When you reach the line containing "Stormtrooper Casco Voice", begin reproducing the lines exactly and continue through the end of the listing, leaving out the pictures.

* INFORMATION SHOWN *

:::

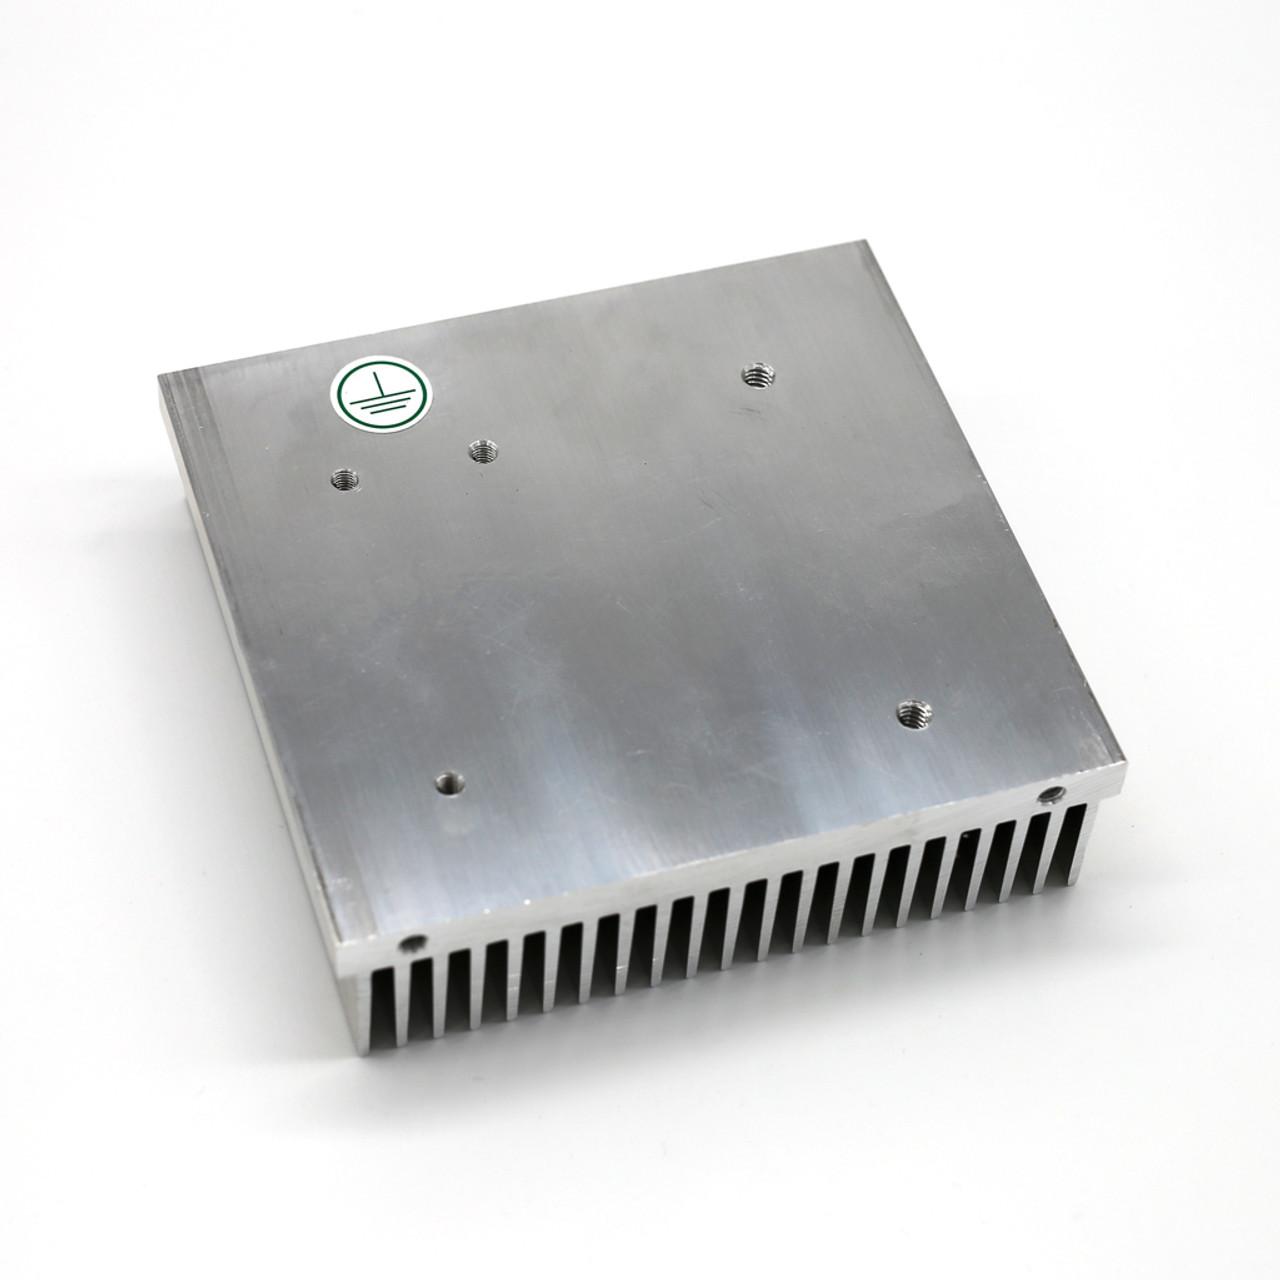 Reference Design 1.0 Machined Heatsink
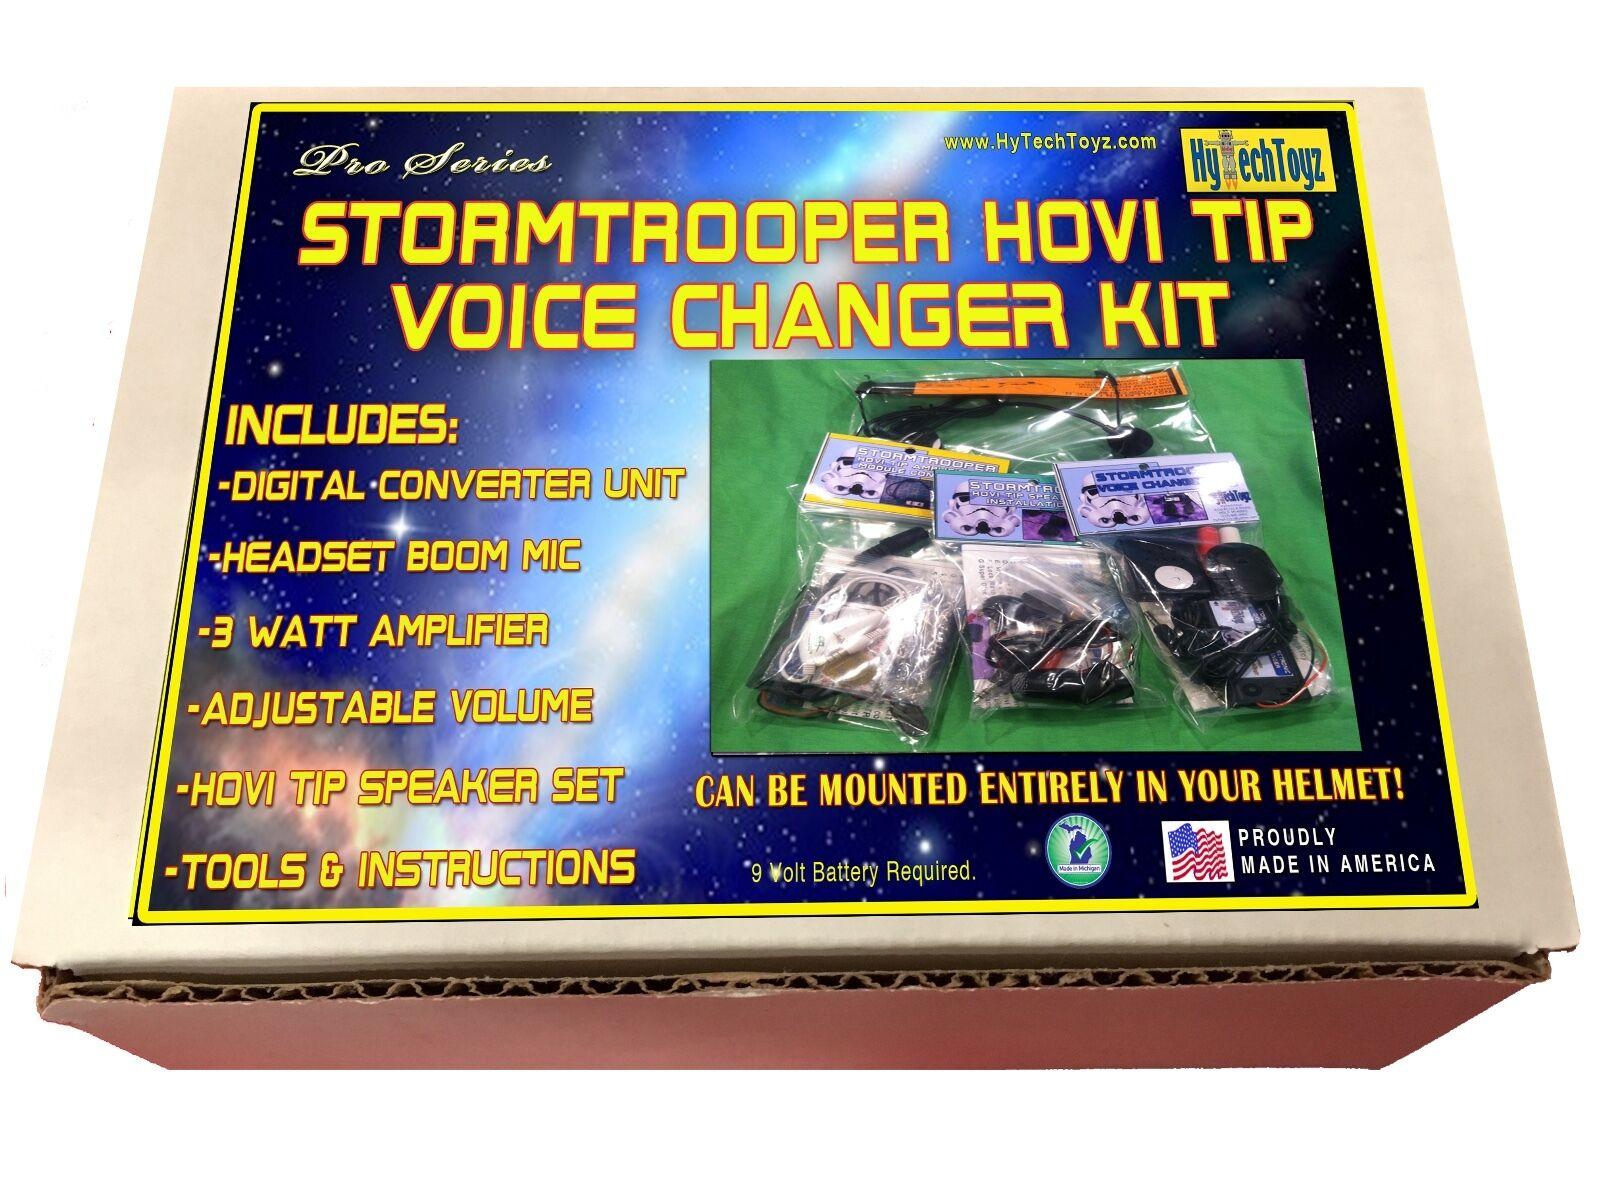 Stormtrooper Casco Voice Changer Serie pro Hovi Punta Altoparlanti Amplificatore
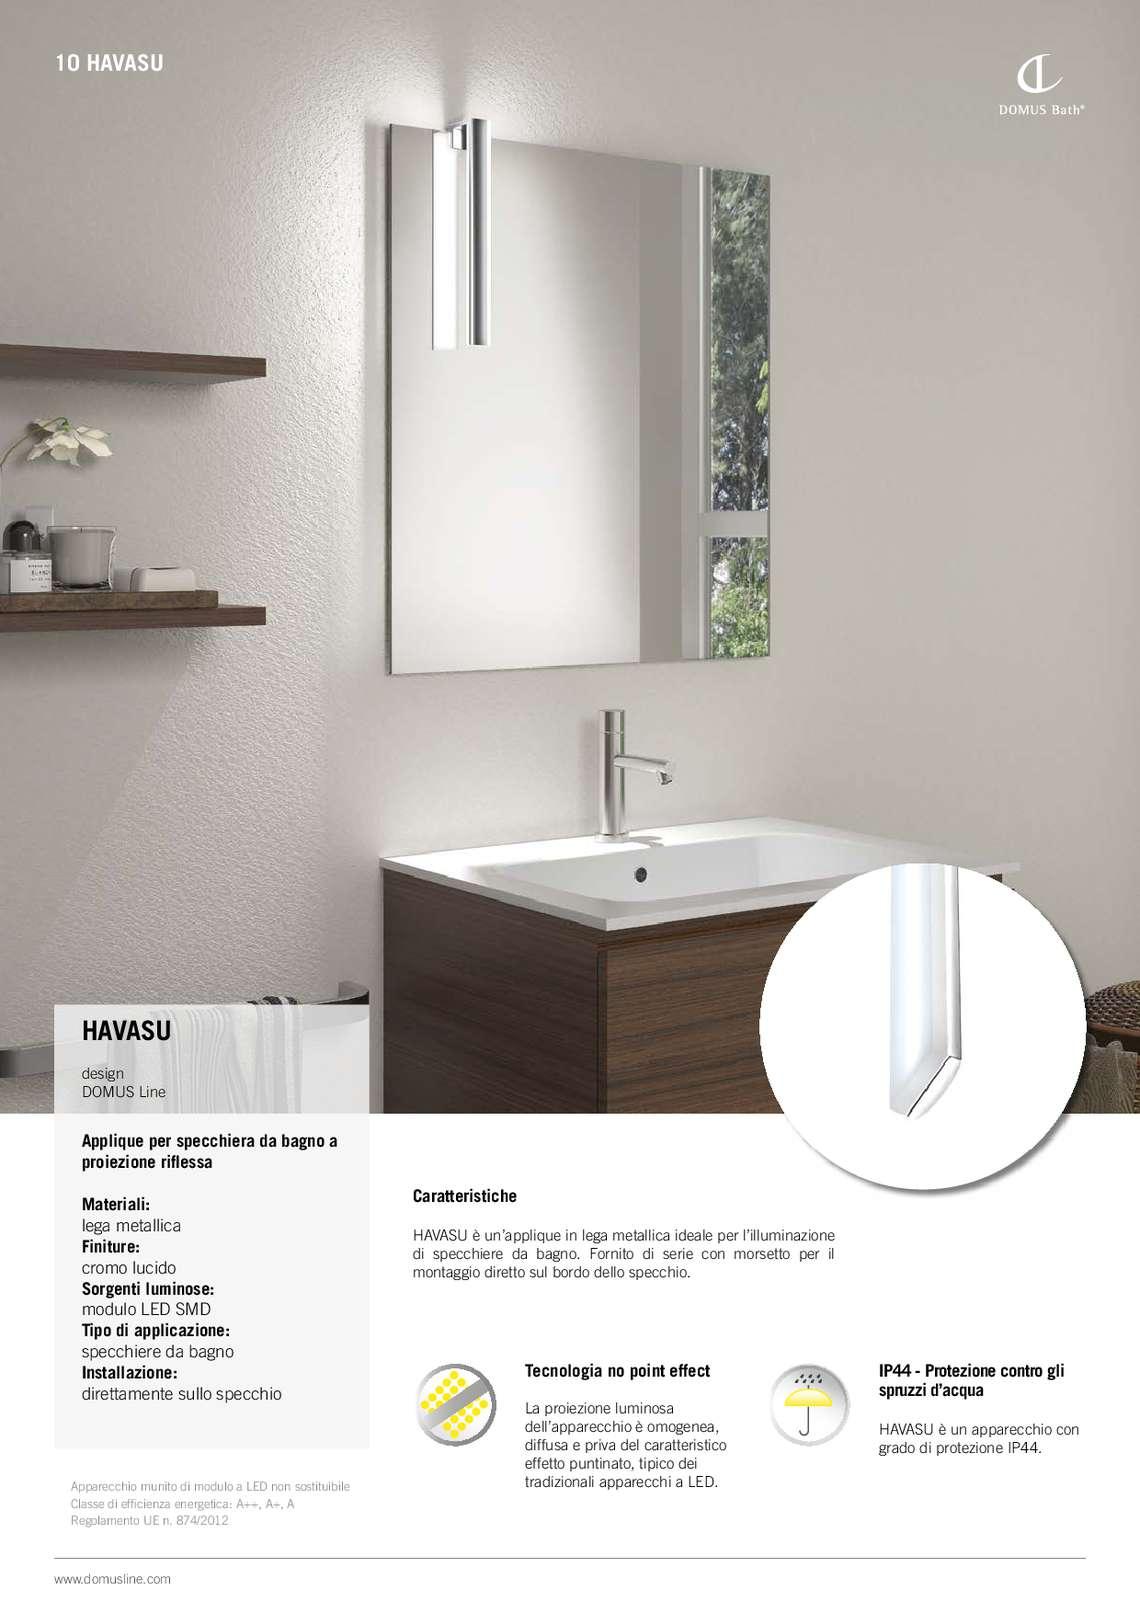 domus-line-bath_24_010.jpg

:::

* SOLUTION *
 Stormtrooper Casco Voice Changer Serie pro Hovi Punta Altoparlanti Amplificatore
 domus-line-bath_24_010.jpg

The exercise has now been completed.